If you are looking for a long-shot to back in the Masters then you will be encouraged by this set of outsiders who have triumphed at Augusta. Throughout the history of the major tournament there have been men who have seriously upset the odds and beaten the favourites to the famous green jacket. From way back in the history of Augusta National to the 2016 champion, there has been serious money to be made by betting on the outsiders – here are the most unlikely champions in Masters history.

10. Mike Weir - 2003

The Canadian seems like one of the most obscure Masters winner in history, but he actually came into the event as a bit of a dark horse. Weir had already won two PGA Tour events in 2003 before his triumph at Augusta and was firmly in the world’s top 10. However, as he had not major-winning experience (and never won another in his career) it was still a shock to see him don the green jacket.

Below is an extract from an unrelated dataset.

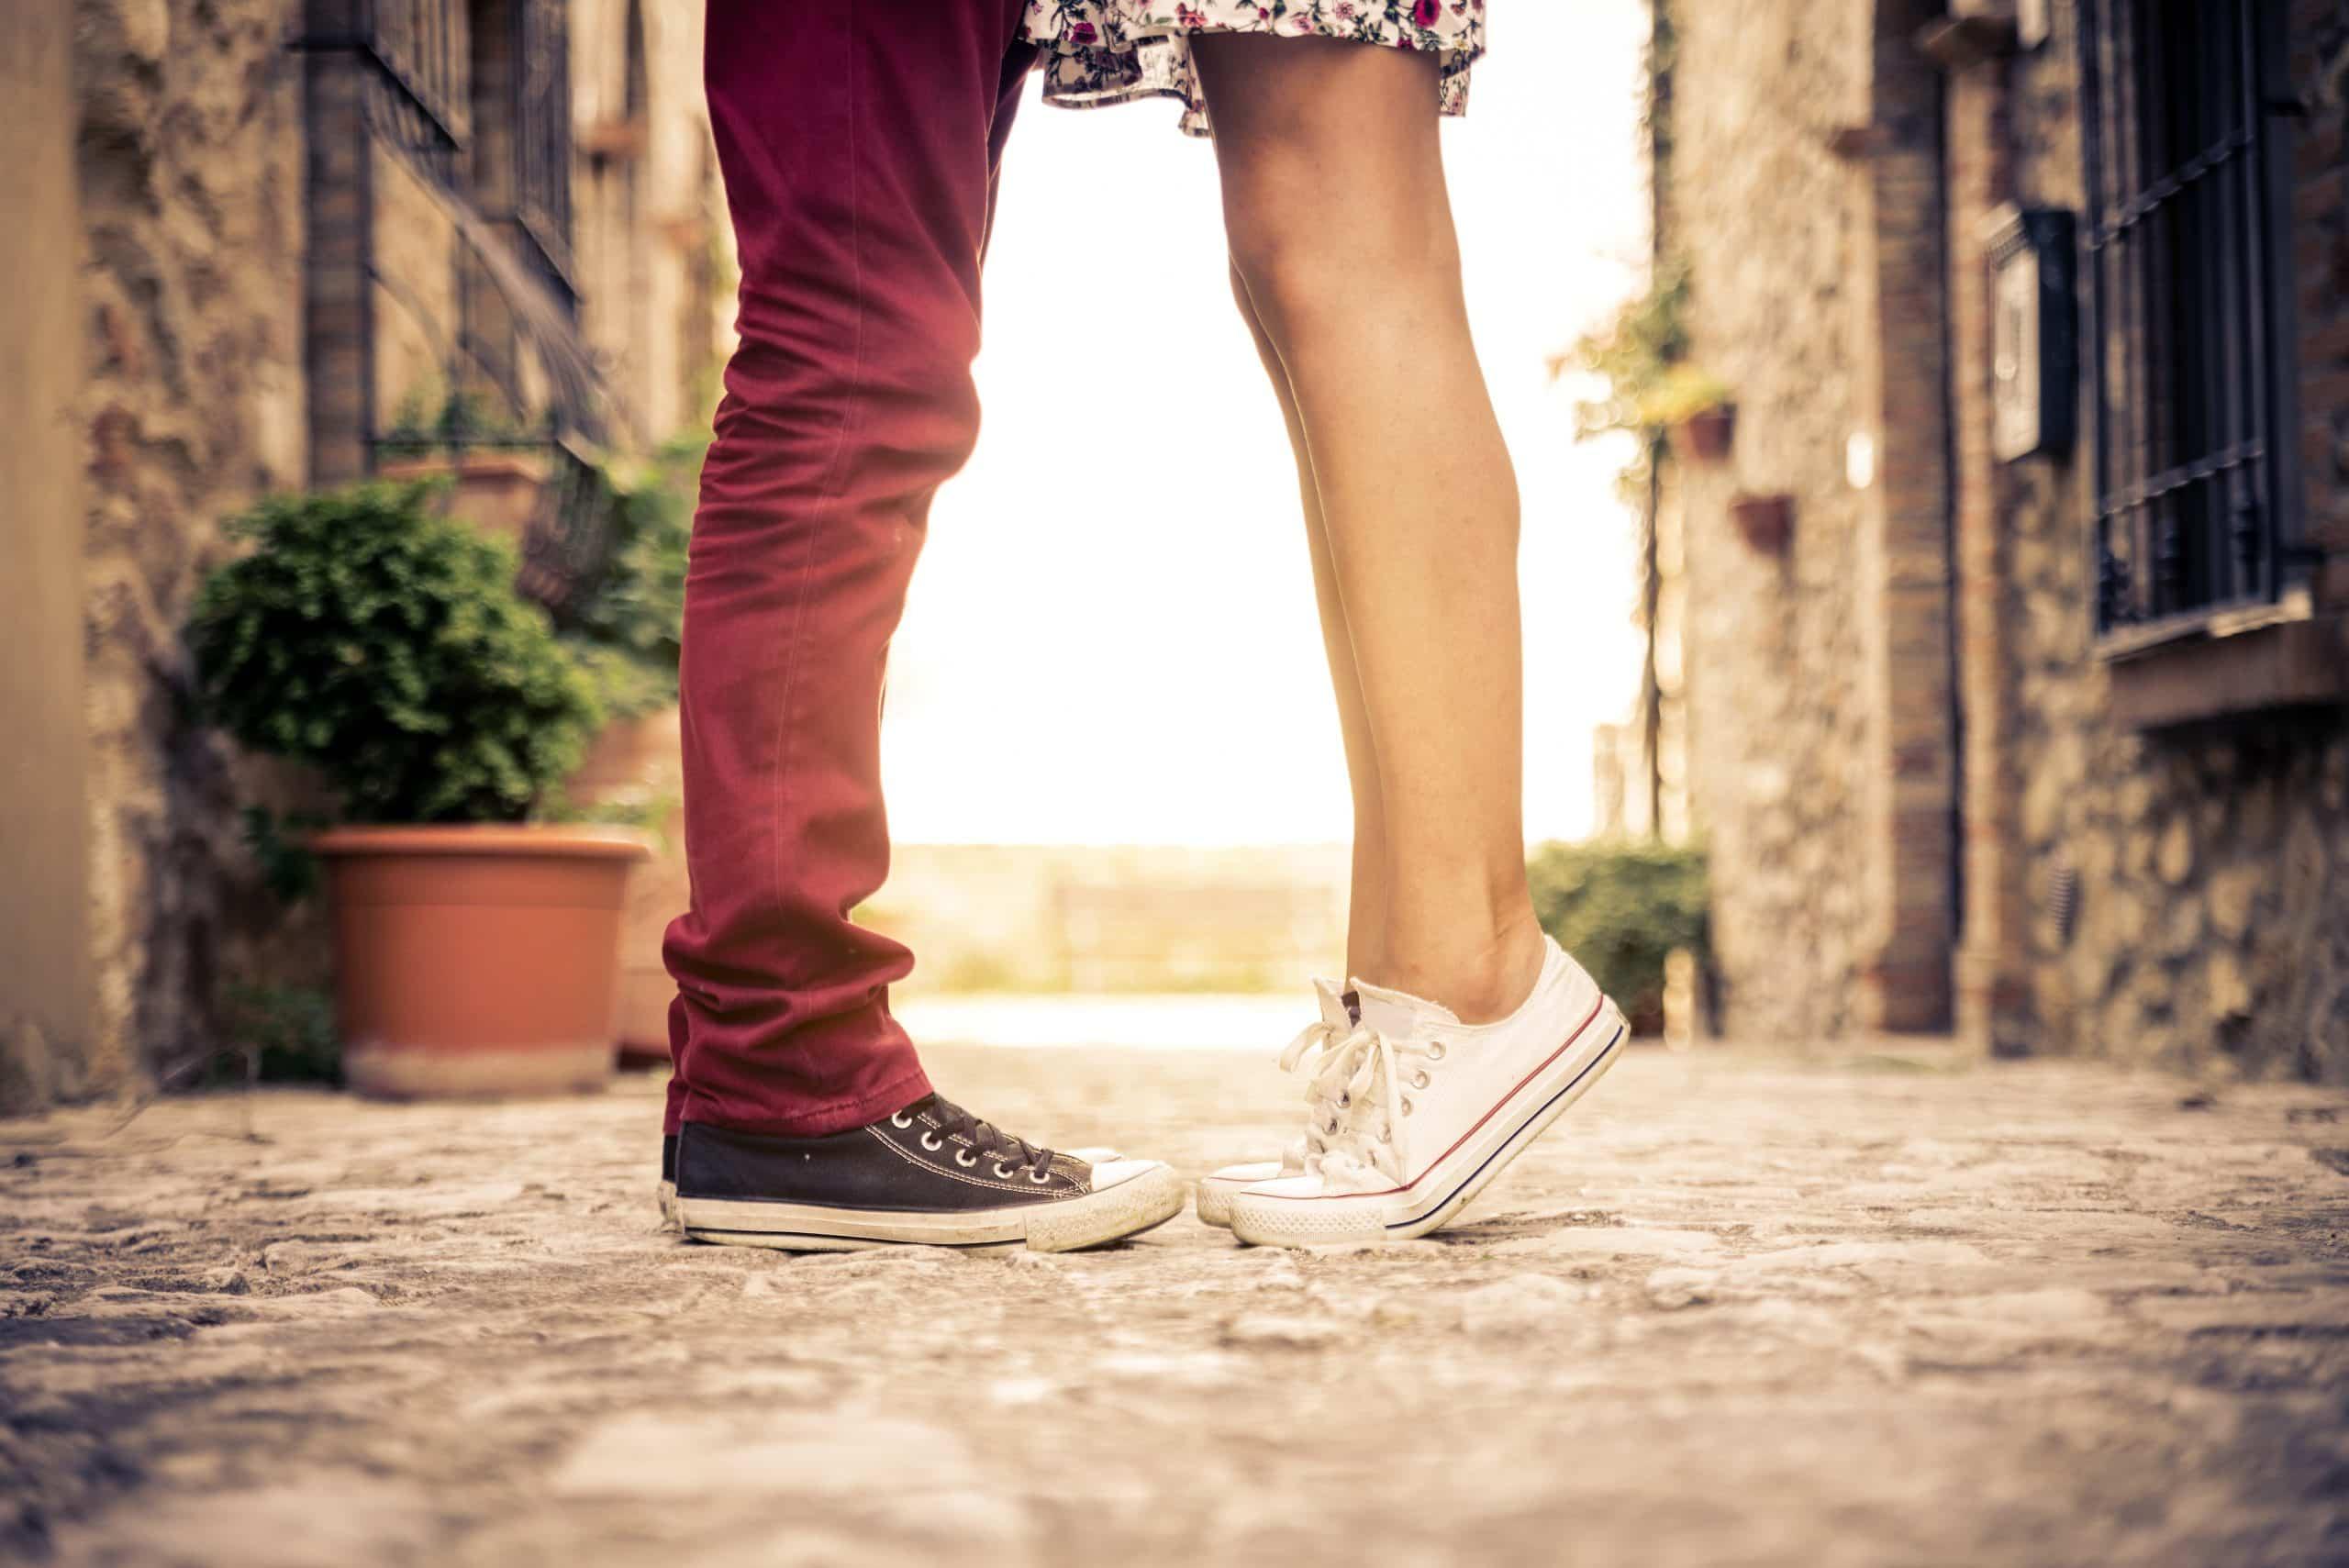 Картинки ноги девушек и парня

His play-off victory over Len Mattiace may be the most obscure ever.

9. Angel Cabrera – 2009

El Pato became the lowest ranked player in history to win the Masters in 2009 as he came into the tournament at 69th in the world, making this win a huge upset. However, he isn’t higher on this list as he was already a major champion at this point, having won the US Open in 2007. He suffered a couple of barren years before his Augusta masterclass, but clearly the Argentine is a man for the big stage.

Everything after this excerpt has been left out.